Chimpanzees and bonobos have friendship circles just like humans, study finds

Chimpanzees grooming. Credit: Edwin van Leeuwen/Chimfunshi Wildlife Orphanage.

Chimpanzees and bonobos, our closest living relatives, organize their social lives in ways strikingly similar to humans, according to a new international study led by scientists from Utrecht University and Universidad Carlos III de Madrid.

The research, published in iScience, found that both species have layered “circles of friends,” much like humans do.

People tend to divide their social connections into levels—an inner circle of close friends and family, followed by wider circles of acquaintances and more distant relationships.

Whether this kind of structured social life is unique to humans or shared with other primates has long been debated.

Now, researchers have found that great apes follow similar patterns, using social grooming as their version of human social bonding.

Social grooming—when one ape carefully cleans another’s fur—is one of the most important ways apes form and maintain friendships.

Lead author Edwin van Leeuwen and his colleagues analyzed grooming patterns in 24 groups of chimpanzees and bonobos living in zoos and sanctuaries around the world.

Using mathematical models, the team examined how each individual distributed its time and energy among other group members.

The results revealed a familiar structure.

Both chimpanzees and bonobos concentrated their most intense grooming efforts on a few close partners while keeping looser connections with many others—mirroring how humans maintain a few best friends and a broader network of casual relationships.

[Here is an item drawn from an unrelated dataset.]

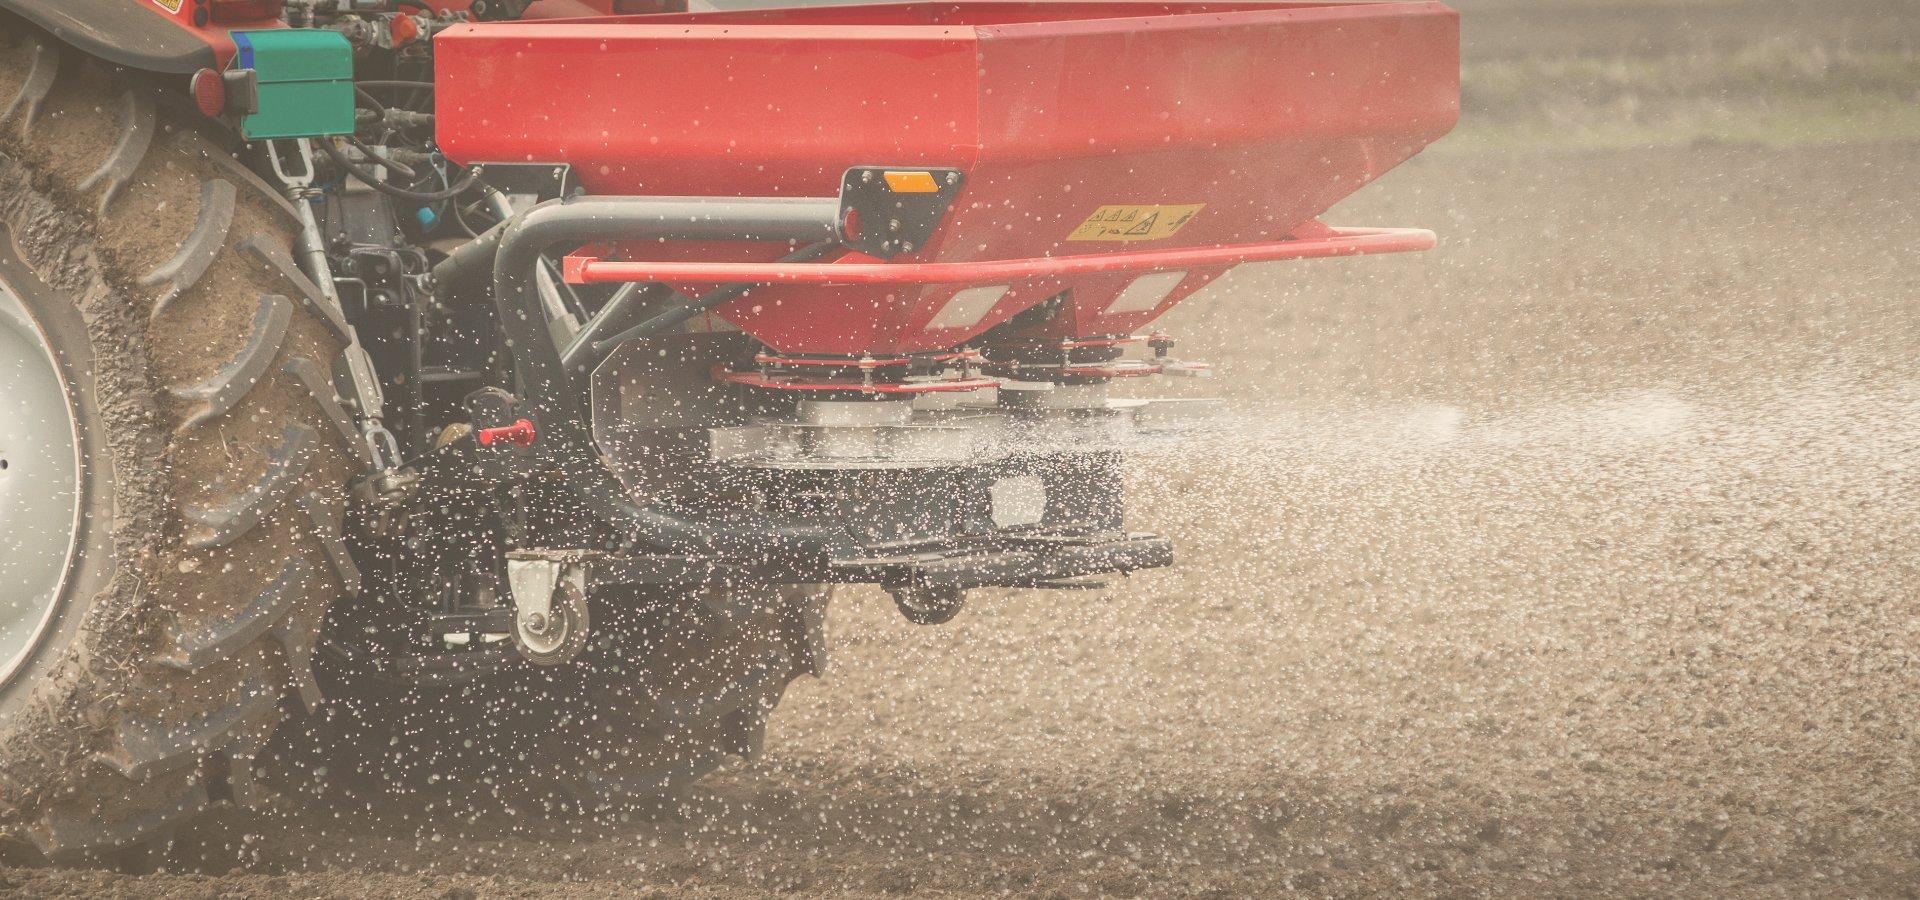 Farm Equipment - Fertilizer Spreaders

The researchers also noticed that apes living in larger groups were more selective about whom they groomed, just as people with many social contacts often prioritize time with their closest friends.

But there were clear differences between the two species. Bonobos were more egalitarian, spreading their grooming time more evenly across their groups.

Chimpanzees, by contrast, invested much more in a smaller number of partners, forming tighter inner circles.

Interestingly, the study also found that chimpanzees become more selective with age, focusing their social energy on a few long-term companions—just as humans often do later in life. Bonobos, however, did not show this age-related narrowing of friendships.

Van Leeuwen suggests this might reflect bonobos’ more fluid and inclusive social systems, in which bonds often extend beyond group boundaries—something rarely seen in chimpanzees.

“Our findings show that the same basic rules of social life—how individuals balance their time and energy between friends—apply not just to humans, but to our closest relatives,” Van Leeuwen said. “It highlights a deep evolutionary connection in how complex societies are organized.”

At the same time, the differences between chimpanzees and bonobos reveal that evolution can take multiple paths toward social success. Understanding these patterns, the researchers say, may help scientists uncover how cooperation, emotional health, and social intelligence evolved in both humans and other animals.